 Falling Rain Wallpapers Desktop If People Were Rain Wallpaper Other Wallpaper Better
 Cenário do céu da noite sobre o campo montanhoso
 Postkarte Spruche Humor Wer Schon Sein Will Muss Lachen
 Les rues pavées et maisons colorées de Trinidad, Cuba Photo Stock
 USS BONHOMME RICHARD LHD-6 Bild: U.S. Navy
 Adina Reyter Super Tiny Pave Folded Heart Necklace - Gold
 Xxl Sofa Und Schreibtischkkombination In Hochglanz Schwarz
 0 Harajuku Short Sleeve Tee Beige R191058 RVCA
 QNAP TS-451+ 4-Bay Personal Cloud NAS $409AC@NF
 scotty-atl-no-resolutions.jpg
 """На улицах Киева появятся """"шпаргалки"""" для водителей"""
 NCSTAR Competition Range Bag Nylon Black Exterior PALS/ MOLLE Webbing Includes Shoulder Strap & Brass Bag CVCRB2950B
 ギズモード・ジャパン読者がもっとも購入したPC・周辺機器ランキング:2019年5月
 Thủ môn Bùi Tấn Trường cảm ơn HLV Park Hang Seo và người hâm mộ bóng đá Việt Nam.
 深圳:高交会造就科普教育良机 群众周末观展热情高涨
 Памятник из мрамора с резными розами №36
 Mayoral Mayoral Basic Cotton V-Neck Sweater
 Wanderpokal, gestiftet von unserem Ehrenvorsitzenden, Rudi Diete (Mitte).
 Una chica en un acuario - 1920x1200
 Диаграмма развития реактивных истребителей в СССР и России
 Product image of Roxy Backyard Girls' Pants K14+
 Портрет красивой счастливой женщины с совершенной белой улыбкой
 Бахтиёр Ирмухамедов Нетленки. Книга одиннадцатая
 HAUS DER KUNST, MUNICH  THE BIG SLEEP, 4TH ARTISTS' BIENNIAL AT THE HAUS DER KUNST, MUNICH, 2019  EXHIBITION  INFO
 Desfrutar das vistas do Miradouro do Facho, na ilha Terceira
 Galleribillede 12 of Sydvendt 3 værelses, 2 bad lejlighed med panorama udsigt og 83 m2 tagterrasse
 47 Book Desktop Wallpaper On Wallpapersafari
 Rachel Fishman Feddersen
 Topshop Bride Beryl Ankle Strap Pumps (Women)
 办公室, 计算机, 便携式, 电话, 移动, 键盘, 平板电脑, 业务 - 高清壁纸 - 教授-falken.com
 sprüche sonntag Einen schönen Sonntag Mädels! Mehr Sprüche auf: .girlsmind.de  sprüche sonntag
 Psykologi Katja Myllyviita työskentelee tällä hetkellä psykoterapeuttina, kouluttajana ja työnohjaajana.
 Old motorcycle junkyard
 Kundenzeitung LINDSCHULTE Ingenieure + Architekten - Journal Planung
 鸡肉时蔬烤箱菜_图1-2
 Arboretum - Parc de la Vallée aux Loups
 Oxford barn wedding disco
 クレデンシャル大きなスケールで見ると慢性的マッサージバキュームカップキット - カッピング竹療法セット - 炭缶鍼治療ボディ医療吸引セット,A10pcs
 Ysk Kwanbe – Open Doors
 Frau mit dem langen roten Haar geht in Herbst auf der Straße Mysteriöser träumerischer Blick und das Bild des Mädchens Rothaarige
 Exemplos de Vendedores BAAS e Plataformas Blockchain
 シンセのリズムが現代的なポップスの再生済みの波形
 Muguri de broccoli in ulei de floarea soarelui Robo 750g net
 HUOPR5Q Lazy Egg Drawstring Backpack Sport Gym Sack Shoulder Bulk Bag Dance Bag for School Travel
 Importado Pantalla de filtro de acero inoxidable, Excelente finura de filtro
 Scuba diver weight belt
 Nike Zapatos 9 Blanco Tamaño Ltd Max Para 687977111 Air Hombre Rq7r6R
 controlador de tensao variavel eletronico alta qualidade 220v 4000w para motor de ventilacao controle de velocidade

- **WHAT TO WORK ON**:
Above are the records; copy exactly the lines from the line with "QNAP TS-451+ 4-Bay" through the line with "Thủ môn Bùi", both included.

- **SOLUTION TO THE EXERCISE**:
 QNAP TS-451+ 4-Bay Personal Cloud NAS $409AC@NF
 scotty-atl-no-resolutions.jpg
 """На улицах Киева появятся """"шпаргалки"""" для водителей"""
 NCSTAR Competition Range Bag Nylon Black Exterior PALS/ MOLLE Webbing Includes Shoulder Strap & Brass Bag CVCRB2950B
 ギズモード・ジャパン読者がもっとも購入したPC・周辺機器ランキング:2019年5月
 Thủ môn Bùi Tấn Trường cảm ơn HLV Park Hang Seo và người hâm mộ bóng đá Việt Nam.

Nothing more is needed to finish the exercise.